BEGIN Provided data
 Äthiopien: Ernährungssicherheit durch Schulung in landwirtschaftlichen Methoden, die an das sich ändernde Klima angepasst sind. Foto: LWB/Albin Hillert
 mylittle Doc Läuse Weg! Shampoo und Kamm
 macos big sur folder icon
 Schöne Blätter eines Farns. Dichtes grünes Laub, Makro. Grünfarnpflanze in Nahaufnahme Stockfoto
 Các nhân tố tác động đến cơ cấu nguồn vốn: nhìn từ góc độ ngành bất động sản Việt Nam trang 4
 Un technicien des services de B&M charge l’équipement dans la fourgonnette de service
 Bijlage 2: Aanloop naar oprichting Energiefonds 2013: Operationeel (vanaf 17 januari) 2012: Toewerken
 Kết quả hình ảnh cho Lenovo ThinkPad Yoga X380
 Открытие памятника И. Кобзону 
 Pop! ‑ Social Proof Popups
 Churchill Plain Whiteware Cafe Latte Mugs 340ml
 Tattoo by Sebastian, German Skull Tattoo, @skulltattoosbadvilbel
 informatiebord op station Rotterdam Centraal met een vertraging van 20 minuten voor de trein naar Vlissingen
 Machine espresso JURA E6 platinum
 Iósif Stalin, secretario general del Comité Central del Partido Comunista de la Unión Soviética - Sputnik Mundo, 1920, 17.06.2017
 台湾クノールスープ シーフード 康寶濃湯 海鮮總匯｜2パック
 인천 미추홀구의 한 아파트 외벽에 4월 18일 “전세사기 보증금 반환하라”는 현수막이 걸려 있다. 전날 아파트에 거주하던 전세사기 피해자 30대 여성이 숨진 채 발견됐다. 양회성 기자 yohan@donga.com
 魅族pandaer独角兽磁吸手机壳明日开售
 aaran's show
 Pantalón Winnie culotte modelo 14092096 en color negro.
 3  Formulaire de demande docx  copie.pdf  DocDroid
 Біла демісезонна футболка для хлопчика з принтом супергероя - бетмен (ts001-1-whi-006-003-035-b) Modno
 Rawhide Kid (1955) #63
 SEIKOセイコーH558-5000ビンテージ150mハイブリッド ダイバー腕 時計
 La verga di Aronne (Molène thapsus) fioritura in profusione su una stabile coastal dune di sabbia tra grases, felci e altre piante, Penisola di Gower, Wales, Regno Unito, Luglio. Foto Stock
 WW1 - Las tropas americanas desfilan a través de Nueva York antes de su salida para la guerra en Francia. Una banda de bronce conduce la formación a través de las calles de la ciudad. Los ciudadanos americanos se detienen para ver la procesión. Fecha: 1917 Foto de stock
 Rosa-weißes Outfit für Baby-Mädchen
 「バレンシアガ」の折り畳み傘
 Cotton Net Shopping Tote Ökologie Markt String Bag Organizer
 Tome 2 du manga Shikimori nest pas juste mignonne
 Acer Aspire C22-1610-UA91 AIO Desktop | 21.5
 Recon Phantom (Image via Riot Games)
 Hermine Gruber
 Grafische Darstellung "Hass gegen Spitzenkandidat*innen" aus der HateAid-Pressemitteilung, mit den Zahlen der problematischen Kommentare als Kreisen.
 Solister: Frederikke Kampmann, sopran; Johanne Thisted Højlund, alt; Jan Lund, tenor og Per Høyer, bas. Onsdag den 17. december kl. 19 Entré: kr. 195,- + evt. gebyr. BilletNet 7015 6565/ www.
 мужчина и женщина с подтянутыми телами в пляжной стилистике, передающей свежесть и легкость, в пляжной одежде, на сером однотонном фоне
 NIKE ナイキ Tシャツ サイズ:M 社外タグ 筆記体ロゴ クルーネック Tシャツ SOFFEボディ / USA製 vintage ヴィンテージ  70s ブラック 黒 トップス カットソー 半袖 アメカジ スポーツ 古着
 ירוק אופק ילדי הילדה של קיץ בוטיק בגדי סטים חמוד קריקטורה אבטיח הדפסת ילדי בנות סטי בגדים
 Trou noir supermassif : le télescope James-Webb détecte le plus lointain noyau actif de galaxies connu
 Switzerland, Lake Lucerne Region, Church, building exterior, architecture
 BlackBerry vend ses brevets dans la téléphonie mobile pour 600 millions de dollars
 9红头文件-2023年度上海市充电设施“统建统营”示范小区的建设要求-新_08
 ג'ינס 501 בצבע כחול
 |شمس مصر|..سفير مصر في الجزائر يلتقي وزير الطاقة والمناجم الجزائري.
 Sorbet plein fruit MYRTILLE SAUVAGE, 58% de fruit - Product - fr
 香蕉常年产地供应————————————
END Provided data
- [Task requirements]: Starting with the first line of the entries, transcribe every line up to and including the one with "Churchill Plain Whiteware".

- [Reply to the task]:
 Äthiopien: Ernährungssicherheit durch Schulung in landwirtschaftlichen Methoden, die an das sich ändernde Klima angepasst sind. Foto: LWB/Albin Hillert
 mylittle Doc Läuse Weg! Shampoo und Kamm
 macos big sur folder icon
 Schöne Blätter eines Farns. Dichtes grünes Laub, Makro. Grünfarnpflanze in Nahaufnahme Stockfoto
 Các nhân tố tác động đến cơ cấu nguồn vốn: nhìn từ góc độ ngành bất động sản Việt Nam trang 4
 Un technicien des services de B&M charge l’équipement dans la fourgonnette de service
 Bijlage 2: Aanloop naar oprichting Energiefonds 2013: Operationeel (vanaf 17 januari) 2012: Toewerken
 Kết quả hình ảnh cho Lenovo ThinkPad Yoga X380
 Открытие памятника И. Кобзону 
 Pop! ‑ Social Proof Popups
 Churchill Plain Whiteware Cafe Latte Mugs 340ml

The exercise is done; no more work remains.